I think you're misunderstanding what was said. The reason that the rest of the movie industry is paying attention to this little lawsuit is because the decision made there will affect them in the future.  Sony and Disney, therefore, care what happens in the case because the precedent set in it would apply to things like Spider-man.

I don't know how true that is (I'm not following the subject particularly), but that's what people are saying in this thread.  Nobody's saying Hasbro is suing Sweetpea for Sony's benefit.


----------



## Sailor Moon (Jan 22, 2015)

Doc_Klueless said:


> I don't know you so I don't want assume anything about you, so I'm asking: Do you have a teenager in your home? Because if you do, ask 'em about MLP. Especially if it's a female teenager. Places like Hot Topic, etc. are STUFFED with MLP crap. My daughter and her friends geek out over it. Whenever I drop my kid off at school or go to a school function there is a surprising amount of MLP merchandise staring me in the face. Anime expos are crawling with MLP Bronies.
> 
> A movie of MLP would do quite well, I suspect, just from the high school students who would flock to it. Would it be GotG big? No. Avengers big? No. Very profitable? Yes, I suspect it would be.
> 
> I'm very, very surprised at how popular it is within that culture.



I'm european and I can tell that MLP is not popular im Europe.


----------



## Sailor Moon (Jan 22, 2015)

Iosue said:


> Been where and done what?  What does that even mean?
> 
> 
> This is ridiculous.  Turtles merch made Nickelodeon _$475 million_ in 2012.  The movie, with horrible reviews and nominations for all the Razzies, made $477 million worldwide, $191 million of that coming from domestic box office.  And sold a crapload of toys.  It's a huge moneymaker.
> ...



D&D has already been there done that with movies, games, comics, cartoons, and toys.


----------



## Nergal Pendragon (Jan 22, 2015)

MonsterEnvy said:


> A thing about those is they were low budget stuff released straight to DVD and stuff. (Other then the first one which was terrible and had nothing to do with Dungeons and Dragons.)
> 
> 
> If Hasbro gets the rights back and puts a major studio and budget under it they could make quite the franchise. And if a major movie stuff happens the rest of the products will get more attention.




 They may have been low-budget, direct-to-video crap, but they show the franchise has enough fans willing to shell out money for ANY DnD movie that they can still make a profit making them. Even the direct-to-video movies have to make a profit to spawn sequels.

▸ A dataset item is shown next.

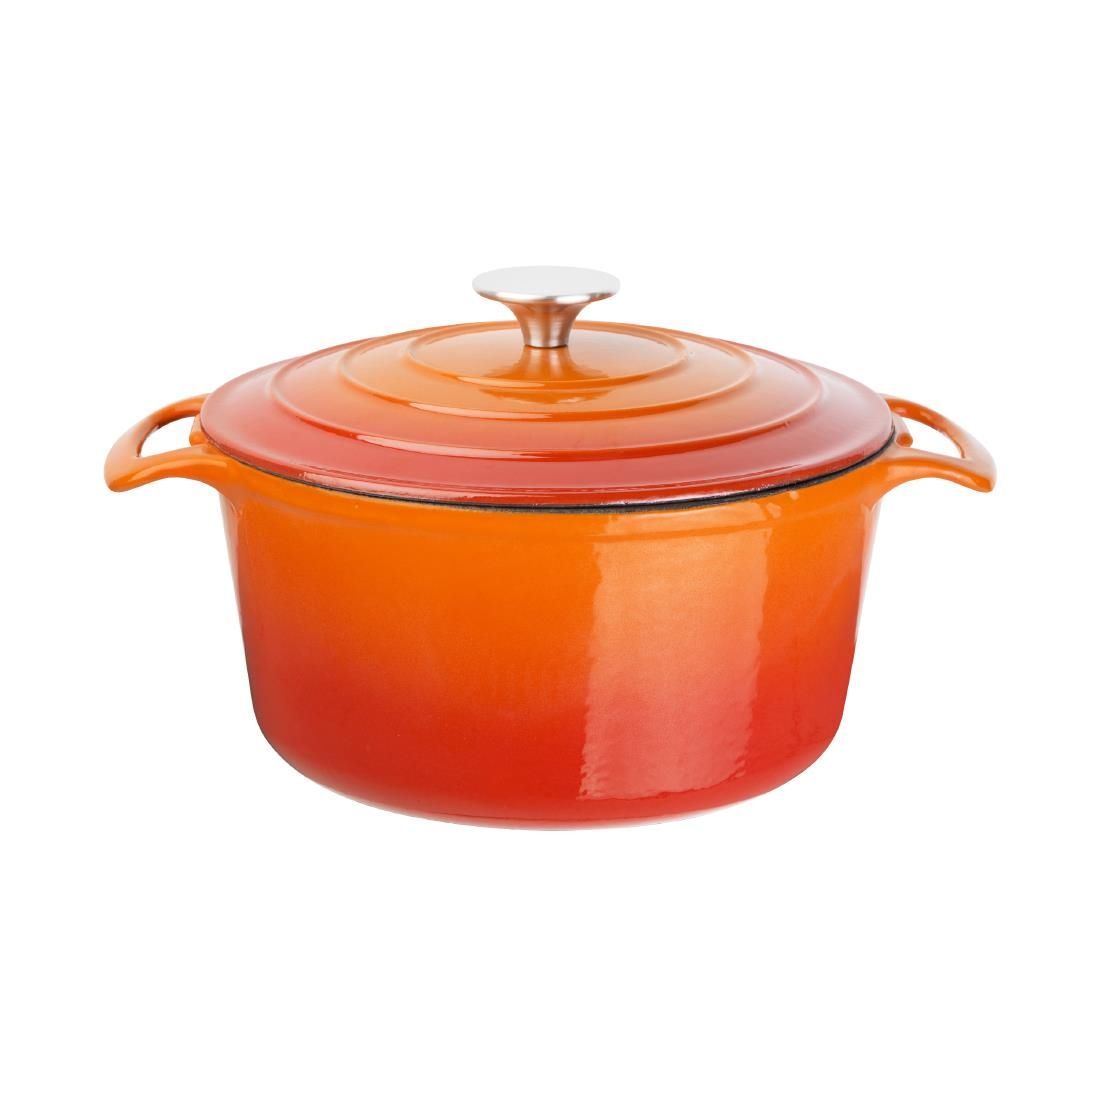 Vogue Orange Round Casserole Dish 3.2Ltr - GH302 Oven to Table Vogue

That's part of why Hasbro is fighting for the rights; they know there's money there.


----------



## Nergal Pendragon (Jan 22, 2015)

Sailor Moon said:


> And it was crap like all the others.
> 
> You can't compare the Transformers movies to the D&D ones. Hussar was indicating that there could be one, two, maybe three "successful" D&D movies.
> 
> You missed the point of the comment.




Actually, I can compare the two. See, the Transformer movies everyone's familiar with are _not_ the first Transformer movies. Most Transformer fans are well-aware of the rather long cinema history the franchise has. Most of the movies were crap; that's why you don't really hear of them. But, they still released, still made money, and still managed to spawn sequels.

And, actually, the 2000 DnD movie _was_ successful in a way; it was nominated for Best Supporting Young Actress at the Young Actress Awards and Cinescape Genre Face of the Future Award at the Saturn awards. And despite its low income, it did make enough money to spawn a sequel. Just like a lot of the Transformer movies did.

Also, he said that a DnD movie would make enough money to spawn a sequel; I'm pointing out that has already happened, while you're claiming it won't.


----------



## Viking Bastard (Jan 22, 2015)

Sailor Moon said:


> I'm european and I can tell that MLP is not popular im Europe.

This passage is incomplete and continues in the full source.